Он опять молча кивнул и обнял ее наконец, и так они стояли, пока не стемнело. Потом он ушел, но на следующий день пришел снова, и начал было рассказывать, как страшно было без нее, но она его остановила. Зачем? Чужая боль оказалась целебней любого лечения. Жить можно было опять, только бы он никуда не делся; какое глупое слово «простила». Ожила — вот это то, что надо.
Через неделю она выписалась из больницы, отец снял им квартиру, и они впервые стали жить вместе — не ночевать, а жить.
Первый месяц был поистине медовым, но на второй она стала замечать, что медицинская помощь, пожалуй, требовалась не ей, эгоистке и дуре, а ему. Подтверждалась старая мужская шовинистическая максима: вы чувствуете глубже, но излечиваетесь быстрее. Вы приземляетесь на четыре лапы. Вы природнее, а потому и раны ваши затягиваются быстрей, как заплывает смолой шрам от топора на сосне. Так оно и выходило: прежний Черныш, всегда веселый и легкий, исчез безвозвратно. Всегда такой ровный, такой неуязвимый, способный взять себя в руки — да что там, не выпускающий из них! — теперь он чередовал эйфорию с беспросветной апатией, и она не знала, что хуже. Пожалуй, эйфория. Тогда его болезнь была еще наглядней: ничто так не подчеркивает уродства, как желание урода выглядеть здоровым, на костылях поспешать за физкультурниками. Вот увидишь, говорил он, я преодолею это и смогу… я доучусь… я устроюсь, вот увидишь, мне же предлагали приличные места!

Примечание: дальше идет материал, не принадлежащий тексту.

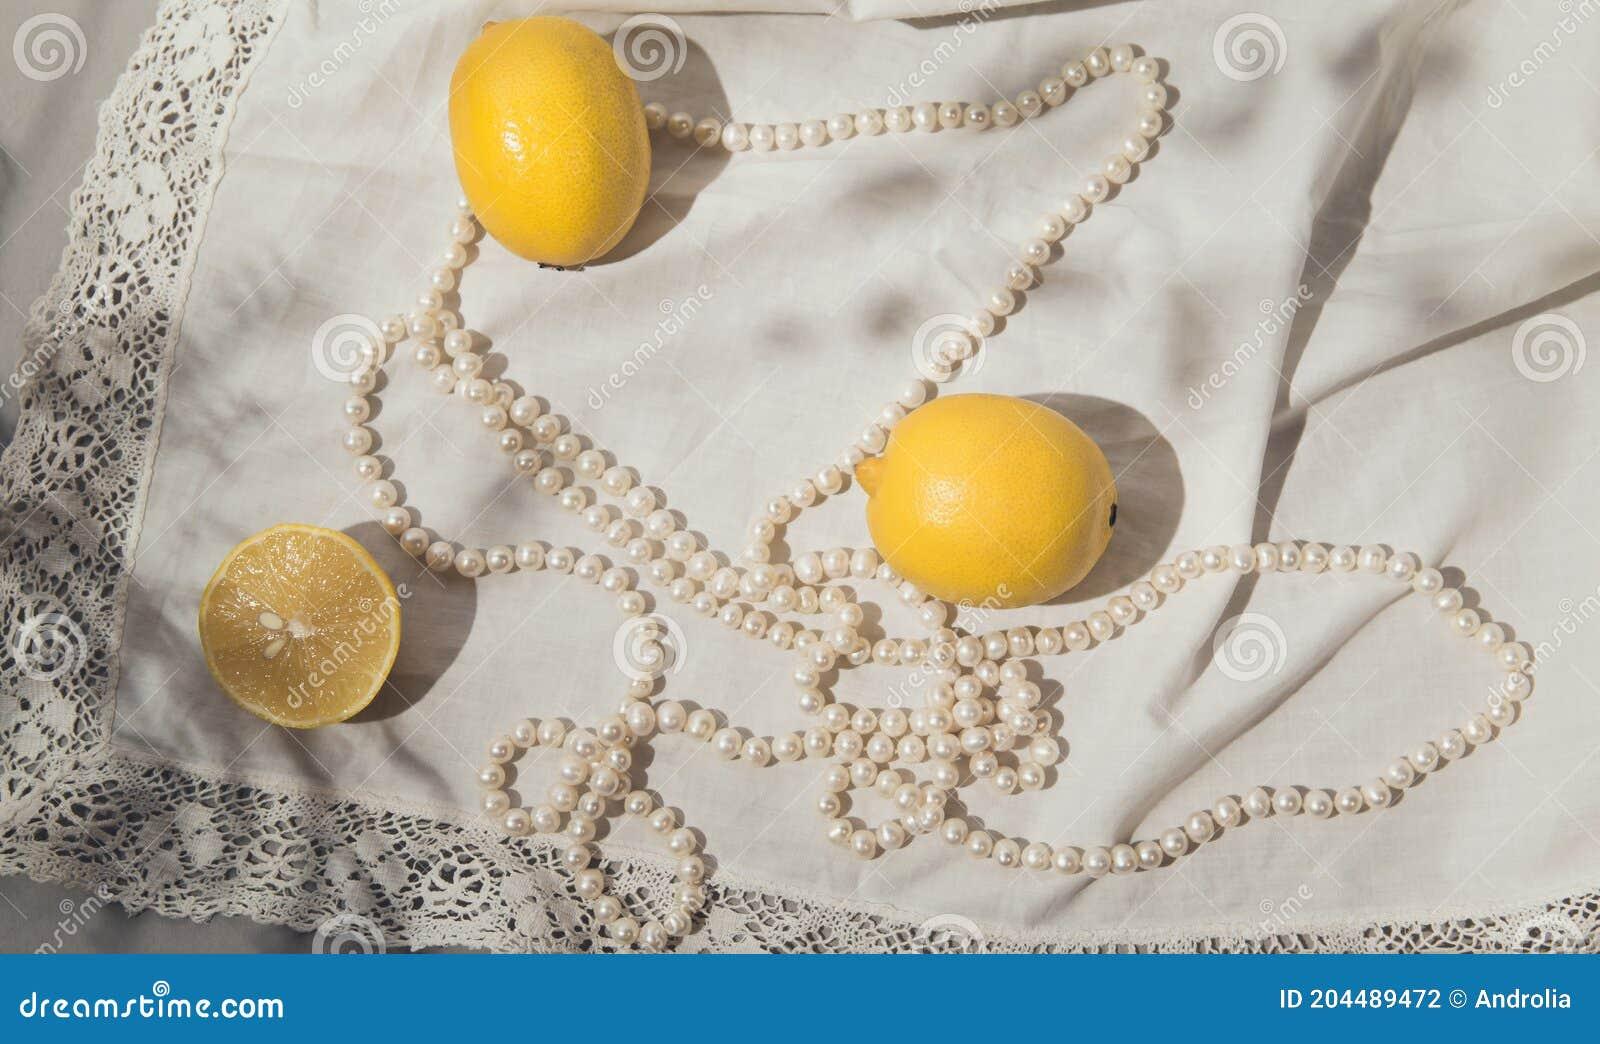 Fresh Lemons With Pearl Necklace On White Fabric Background With Shades Beautiful Backdrop Stock Photo Image Of Fabric Fashion 204489472

В конце концов, архитектор — это сейчас нужно. Все как бешеные взялись перестраивать квартиры, и еще это… ландшафтный дизайн. Но помилуй, какой же ты архитектор? Ты учился вместе со мной на биолога, тремя курсами старше; рисование — твое увлечение, не более… Все это она могла бы ему сказать, но не говорила. Если после нескольких эскизов — славных, но аляповатых, — он считает себя художником и даже — поди ты — архитектором… Он рисовал и ее, как раньше, — в одежде, без, на улице, на балконе, — но в новой, отталкивающей манере: на этих картинах она сама на себя не была похожа. Что это? Почему раньше было столько света, а сейчас сплошная тень? Хорошо, говорил он и рисовал ее на солнце, но получалось еще страшней — беспощадный белый свет и под ним она, съежившаяся на скамейке.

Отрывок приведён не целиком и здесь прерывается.